Estate Planning – Reducing the Inheritance Tax Burden
Estate planning is often discussed but not always implemented, whether due to the apparent complexity or simply because we rarely like think about our own mortality and the need to take action.
Despite the nil rate band for Inheritance Tax (IHT) which stands at £325,000 (£650,000 for married couples and civil partners) many have assets above that level which would become liable to IHT at 40% on death.
We have summarised in brief below the main exemptions, reliefs and planning ideas to reduce the level of IHT payable on death. Should you wish to discuss your IHT planning further or to obtain a copy of our technical note on IHT please contact email@example.com .
Each individual can gift up to £3,000 per year free of IHT, any unused annual gift exemption can be carried forward for one year. It is also possible to make gifts of up to £250 a year to an unlimited number of recipients, although this cannot be used in conjunction with the £3,000 gift allowance.
REGULAR GIFTS OUT OF INCOME
For those with surplus income, gifts can be made without limit as long as the gift does not reduce the standard of living of the person making the gift and it must be regular in nature.
GIFT TO TRUST
Gifts in to trust will generally fall outside of the settlor’s estate after a period of 7 years, although care needs to be taken where the gift is above the nil rate band as this may attract immediate charges. Such arrangements may be appropriate where an individual has surplus capital that they will not require access to in the future and that they will not require any income from.
GIFT AND LOAN TRUST
Where an individual wishes to make a gift of capital but to retain potential access thereto in the future a Gift and Loan Trust may be appropriate. This form of arrangement enables an individual to make a loan to a trust which is repayable on demand, therefore retaining access to the capital for the settlor. Any amount of the loan that remains unpaid on death will form part of the deceased’s estate for IHT but any investment growth on the monies will fall outside the estate. The repayment of the loan can be set up to be regular in nature, thereby providing a steady stream of “income” to the settlor.
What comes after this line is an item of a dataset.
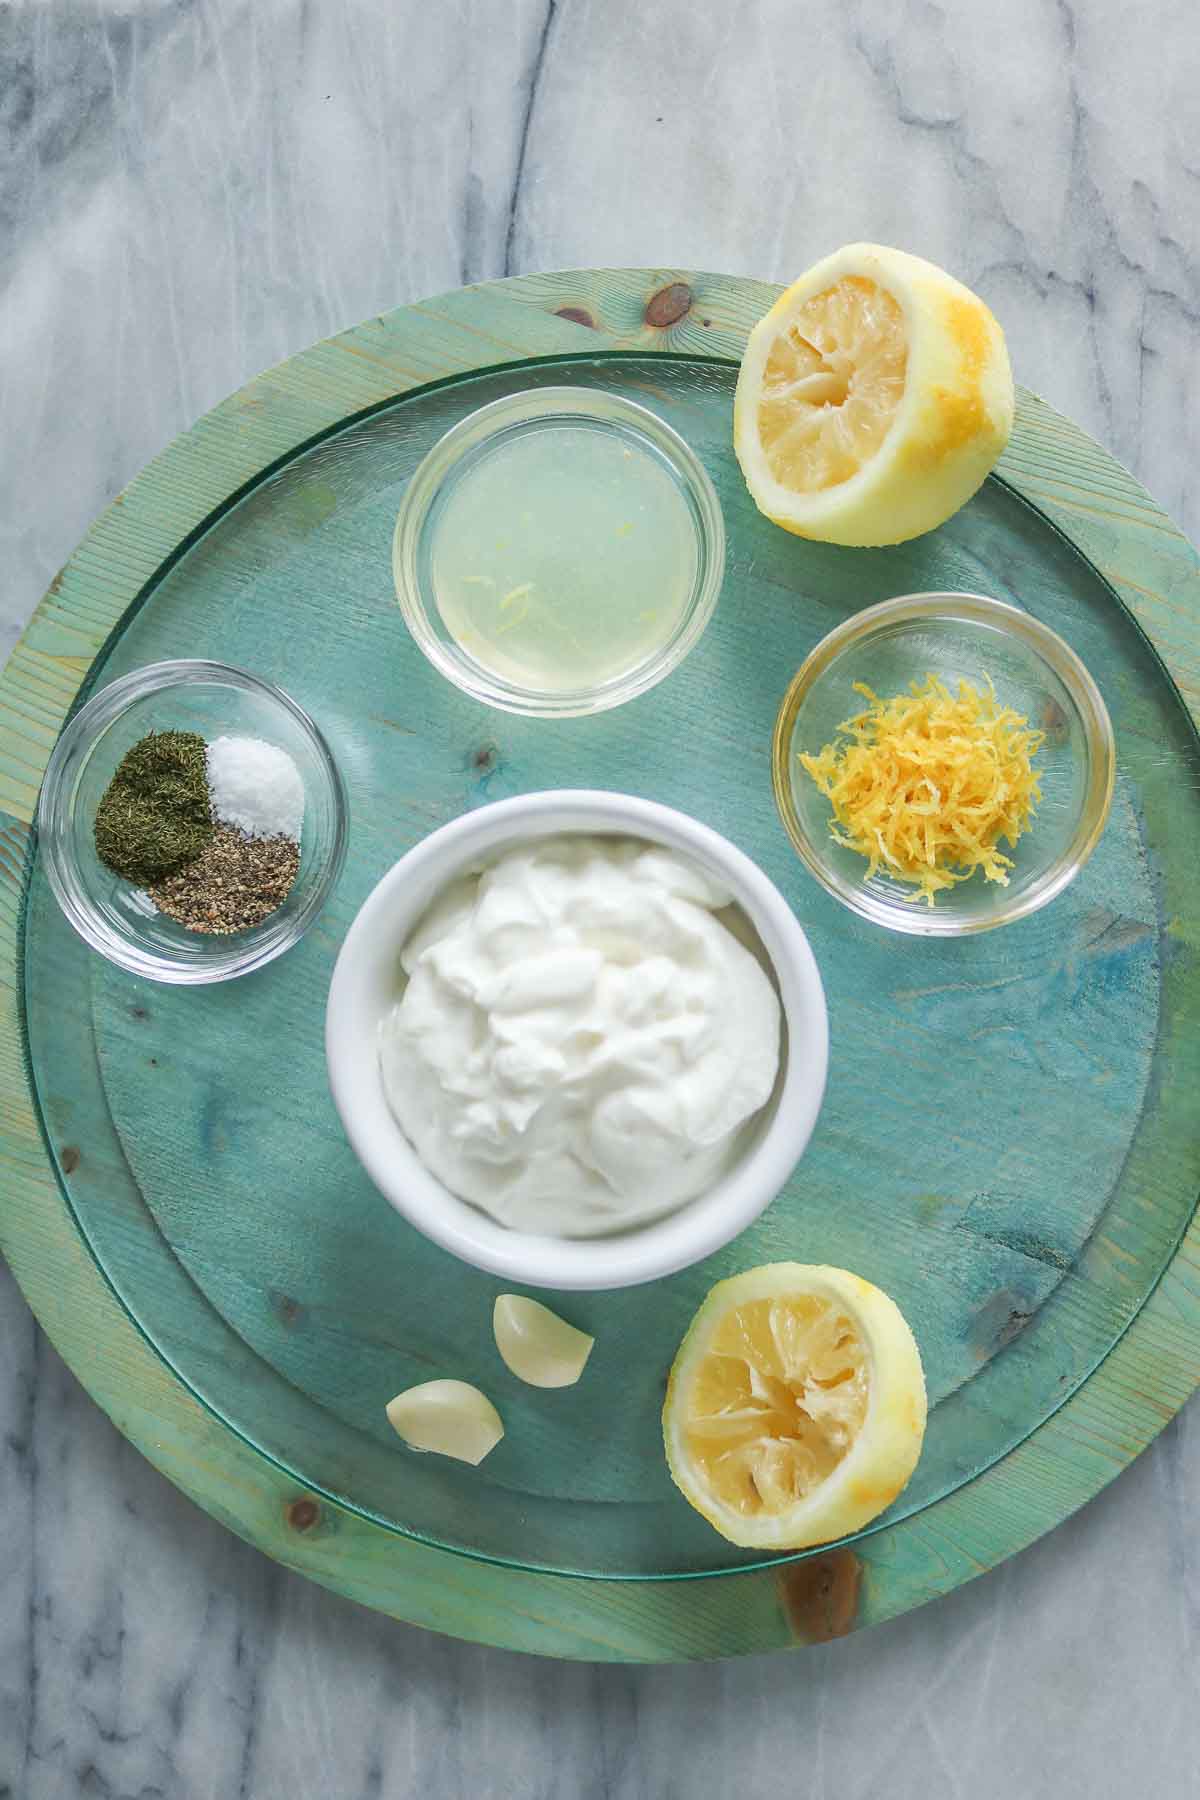 Ingredients for lemon dill yogurt sauce.

Where there is a requirement for income but definitely no requirement to be able to access capital in the future, a Discounted Gift Trust may be appropriate. Monies are invested in a bond which is gifted to a trust. A fixed level of income is agreed at outset and cannot be amended once the arrangement has been set up. After 7 years the assets held within the trust are exempt from IHT. The discount is intended to take account of the rights the settlor or settlors have retained, thereby reducing the residual value of the gift. The discount takes account of the level of income selected and the life expectancy of the settlor(s).
Relief from IHT of up to 100% can be obtained through investment in assets qualifying for Business Property Relief (BPR). The asset must be held for a period of at least 2 years to qualify for BPR. Qualifying assets include shares in an unlisted trading company. The most common investments of this type are in family businesses and shares in a company listed on the Alternative Investment Market (AIM). Other arrangements available provide for investment in property, farming and forestry. Enterprise Investment Schemes also qualify for BPR as well as providing valuable Income and Capital Gains Tax reliefs.